- _Given data_
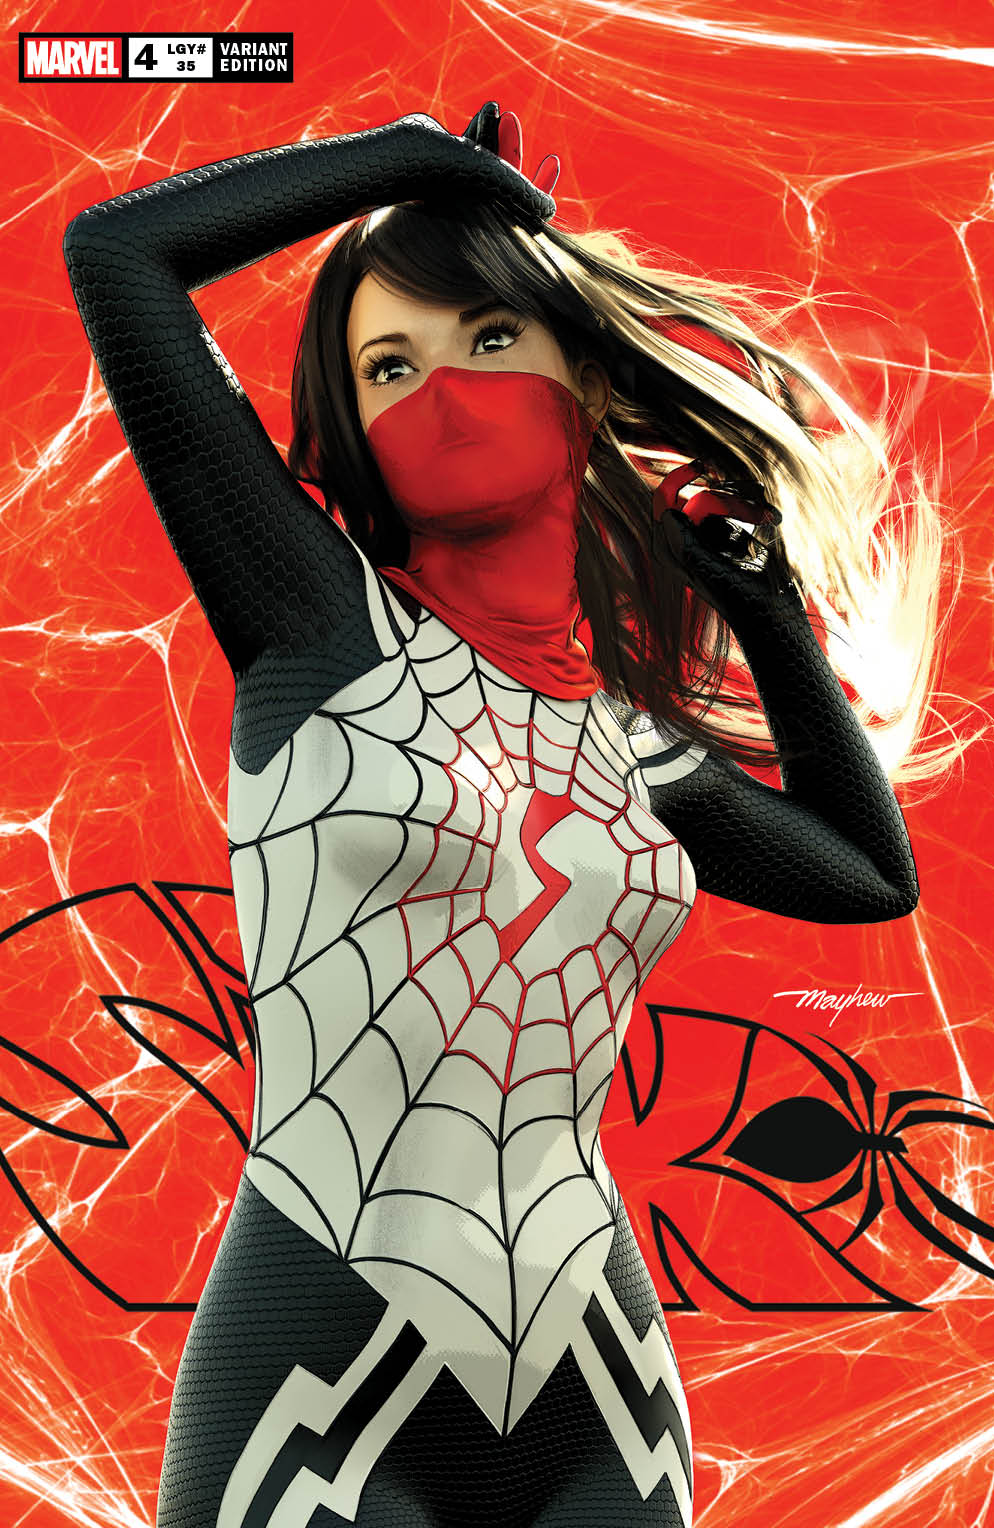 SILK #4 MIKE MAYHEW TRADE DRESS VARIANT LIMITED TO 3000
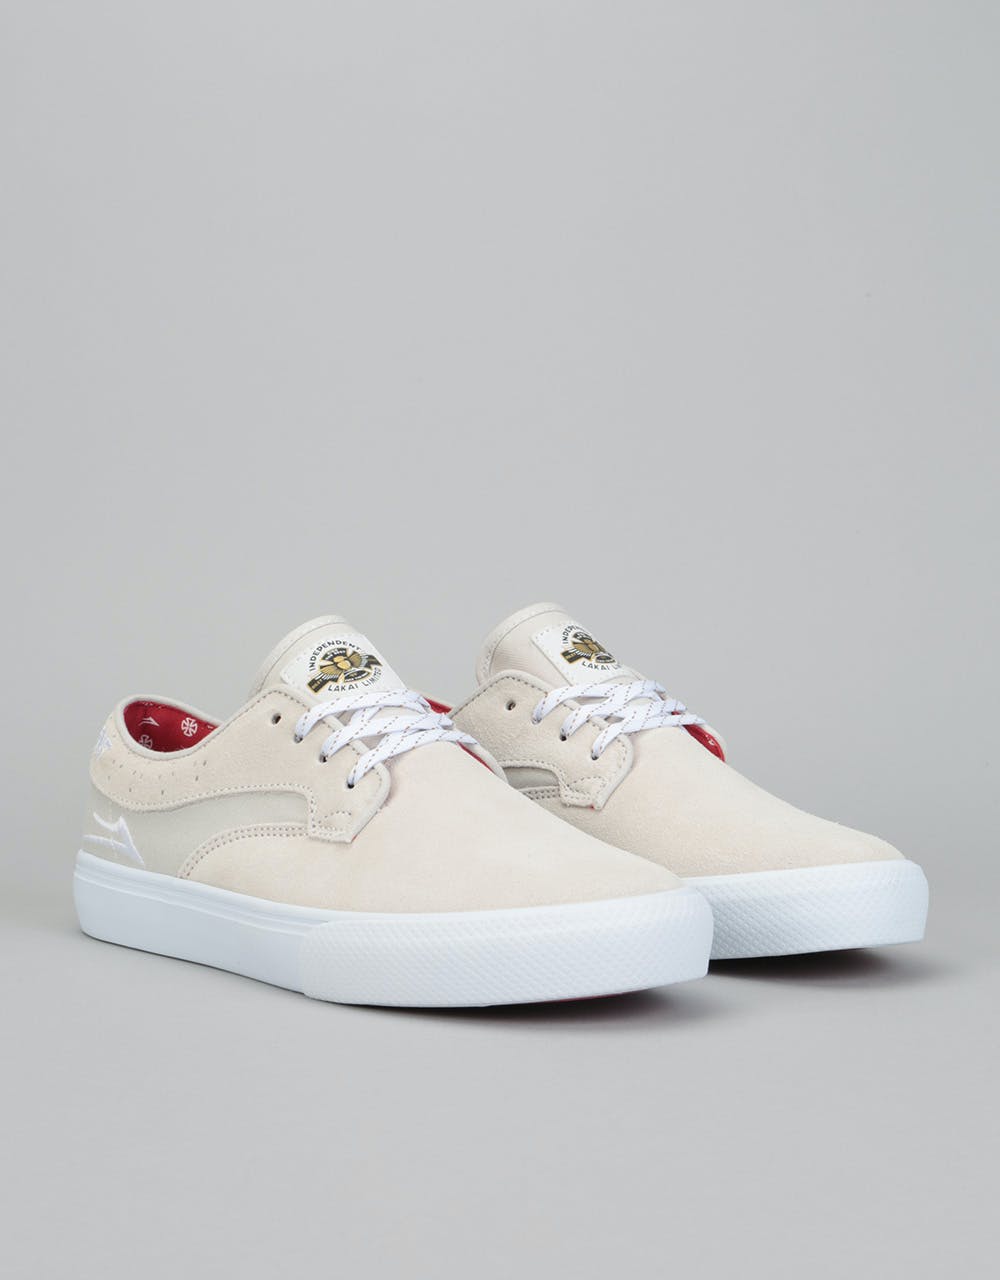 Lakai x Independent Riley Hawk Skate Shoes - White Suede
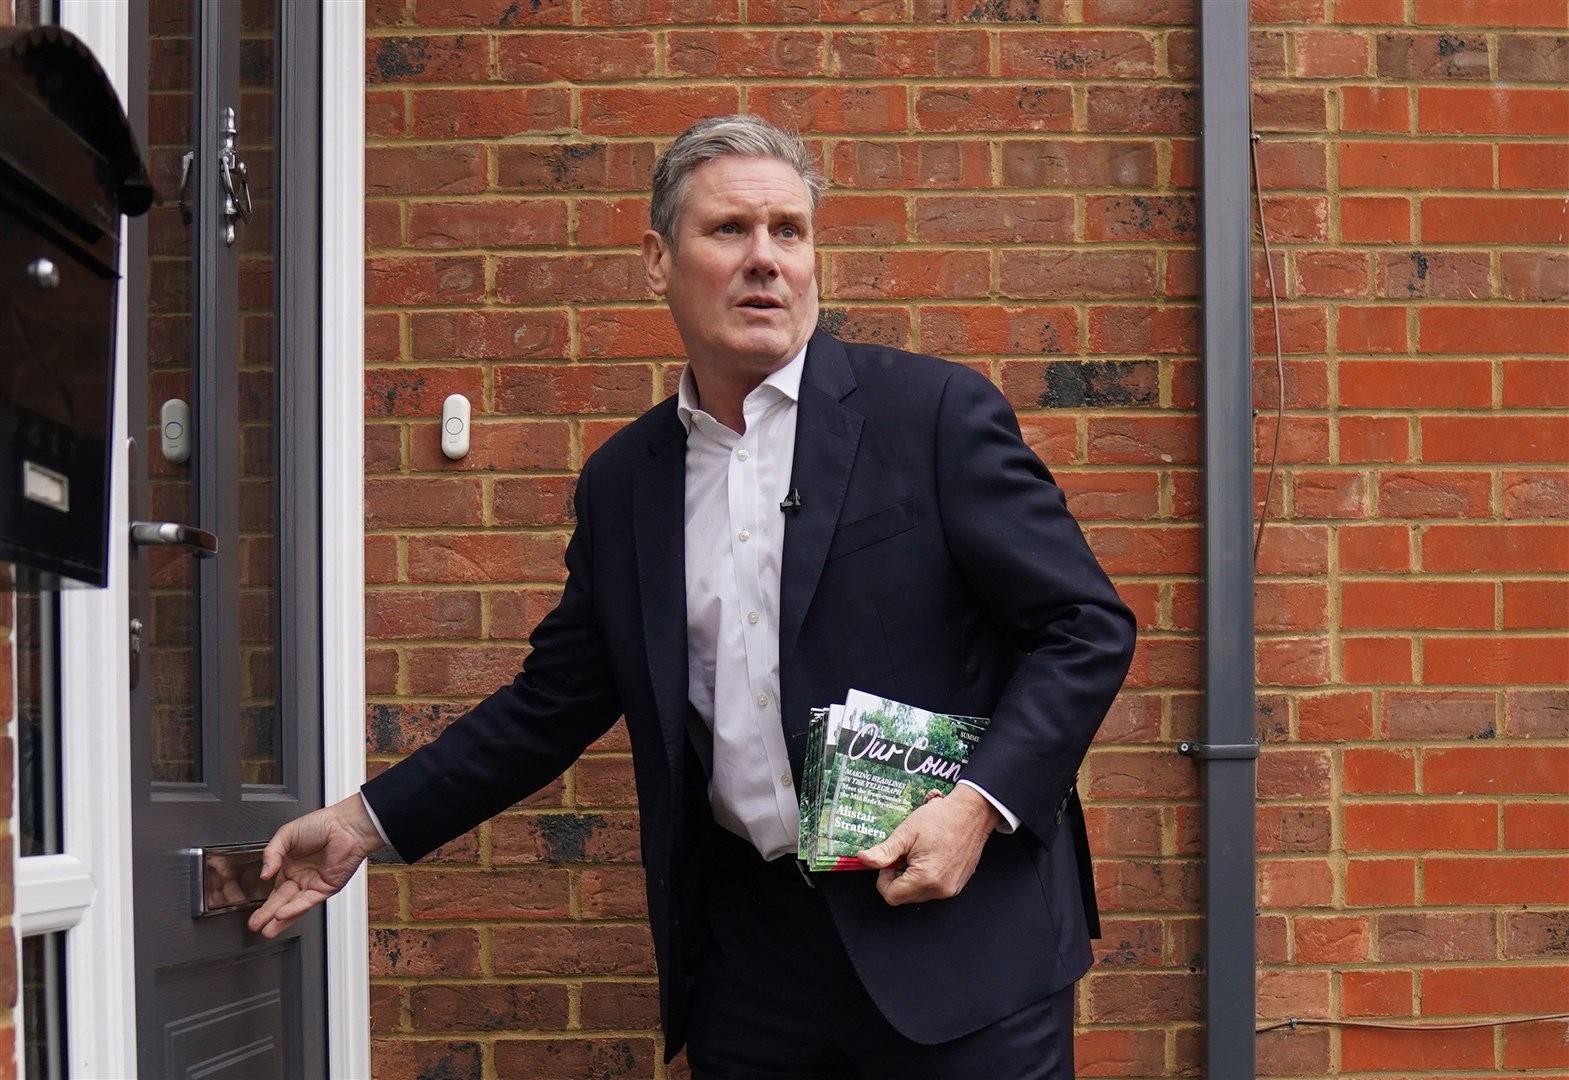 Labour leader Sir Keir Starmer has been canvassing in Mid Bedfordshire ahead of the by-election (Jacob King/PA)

- _Exercise directions_
The complete listing must be transcribed verbatim, and all pictures are to be omitted.

- _Response to the task_
 SILK #4 MIKE MAYHEW TRADE DRESS VARIANT LIMITED TO 3000
 Lakai x Independent Riley Hawk Skate Shoes - White Suede
 Labour leader Sir Keir Starmer has been canvassing in Mid Bedfordshire ahead of the by-election (Jacob King/PA)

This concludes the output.